Jephthah doesn’t seem to have been an ignorant man, either. His discourse in the earlier portions of Judges 11 indicates a detailed knowledge of Israel’s history and of God’s promises. And let’s not forget, God’s Spirit came upon him before he made his vow and went into battle (Judg. 11:29-30).

So what conclusion are we left with?


Conclusion

Let’s turn back to the account in Judges 11, picking up the story in verse 34:

34 When Jephthah came to his house at Mizpah, there was his daughter, coming out to meet him with timbrels and dancing; and she was his only child. Besides her he had neither son nor daughter.

35 And it came to pass, when he saw her, that he tore his clothes, and said, “Alas, my daughter! You have brought me very low! You are among those who trouble me! For I have given my word to the LORD, and I cannot go back on it.”

36 So she said to him, “My father, if you have given your word to the LORD, do to me according to what has gone out of your mouth, because the LORD has avenged you of your enemies, the people of Ammon.”

37 Then she said to her father, “Let this thing be done for me: let me alone for two months, that I may go and wander on the mountains and bewail my virginity, my friends and I.”

38 So he said, “Go.” And he sent her away for two months; and she went with her friends, and bewailed her virginity on the mountains.

39 And it was so at the end of two months that she returned to her father, and he carried out his vow with her which he had vowed. She knew no man. And it became a custom in Israel

40 that the daughters of Israel went four days each year to lament the daughter of Jephthah the Gileadite.

First, this passage emphasizes to us that Jephthah had no other offspring. His family line would die out with her. Many passages show that the people of the Bible viewed childlessness as a terrible calamity. A curse.

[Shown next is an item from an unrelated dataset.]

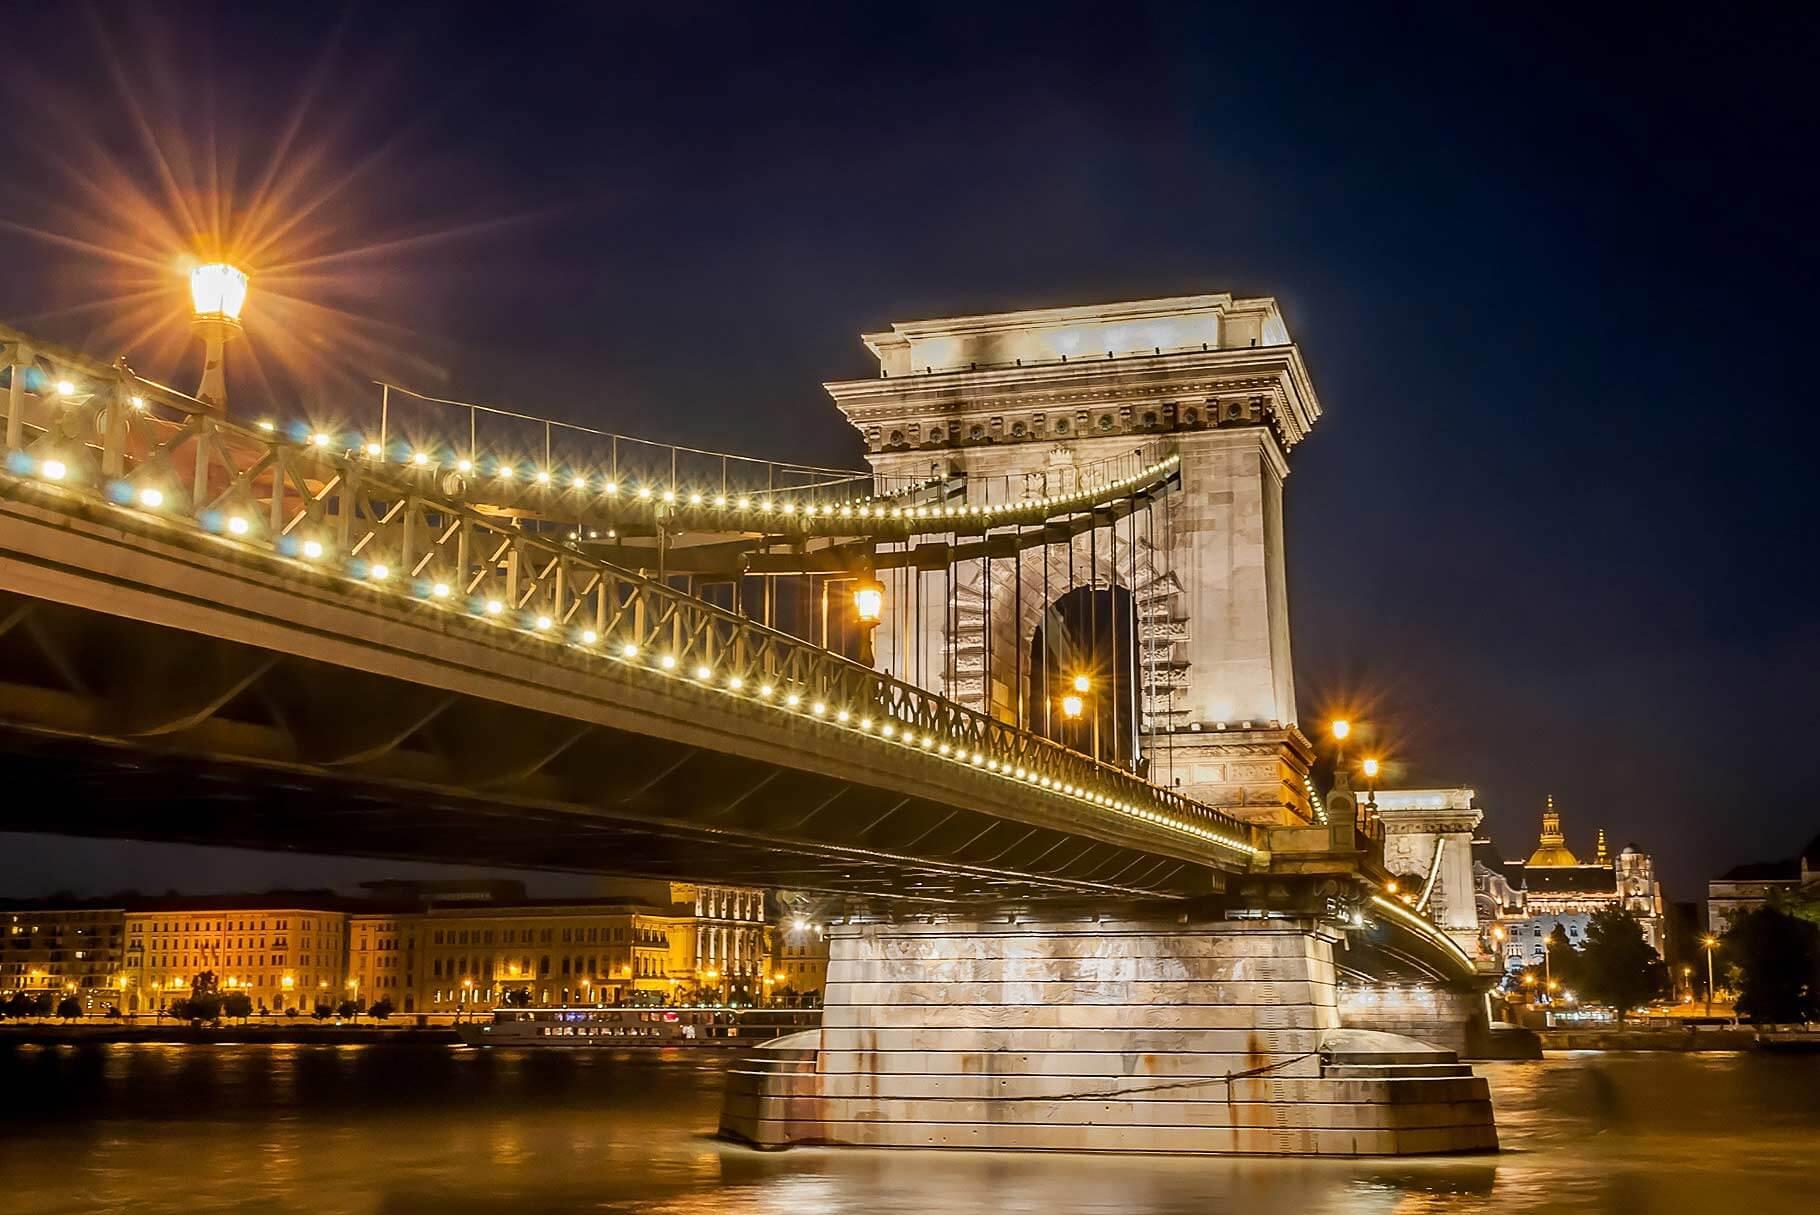 جسر تشين بريدج

Upon being informed of her father’s vow, Jephthah’s daughter’s first thought was that she would never be married and never have children. She asked her father for two months, not to bewail an impending death, but to bewail her virginity.

Next, we’re told, not that Jephthah killed her and sacrificed her, but that “he carried out his vow with her which he had vowed.” And what did that mean? “She knew no man.” He had vowed to give her to the Lord, and so he couldn’t give her in marriage. She would die childless, and his family line would die with her.

Finally, the passage informs us “that the daughters of Israel went four days each year to lament the daughter of Jephthah the Gileadite.” The Hebrew word translated “lament” is tanah (Strong’s # H8567). It’s seldom used in the Bible, but neither it nor its root word are ever translated as “lament” anywhere else in the Bible. Instead, Gesenius defines it as “to give presents, to distribute gifts.” The root word, H8566, means “to hire.”

Using this definition of the word, the passage now reads, “the daughters of Israel went four days each year to give gifts to the daughter of Jephthah the Gileadite.” And so it appears that, as long as Jephthah’s daughter remained alive, the women of Israel went each year to honor her and give gifts to her.

Jephthah’s vow remains as a cautionary tale. One should be very careful not to make rash promises or vows. As the apostle James, echoing the words of our Savior, cautioned, “But above all, my brethren, do not swear, either by heaven or by earth or with any other oath. But let your ‘Yes’ be ‘Yes,’ and your ‘No,’ ‘No,’ lest you fall into judgment” (Jam. 5:12).

Nevertheless, no one can vow to disobey our Creator and sin against Him. In such a case, as God warned Judah, all “shall know whose words will stand, Mine or theirs” (Jer. 44:28).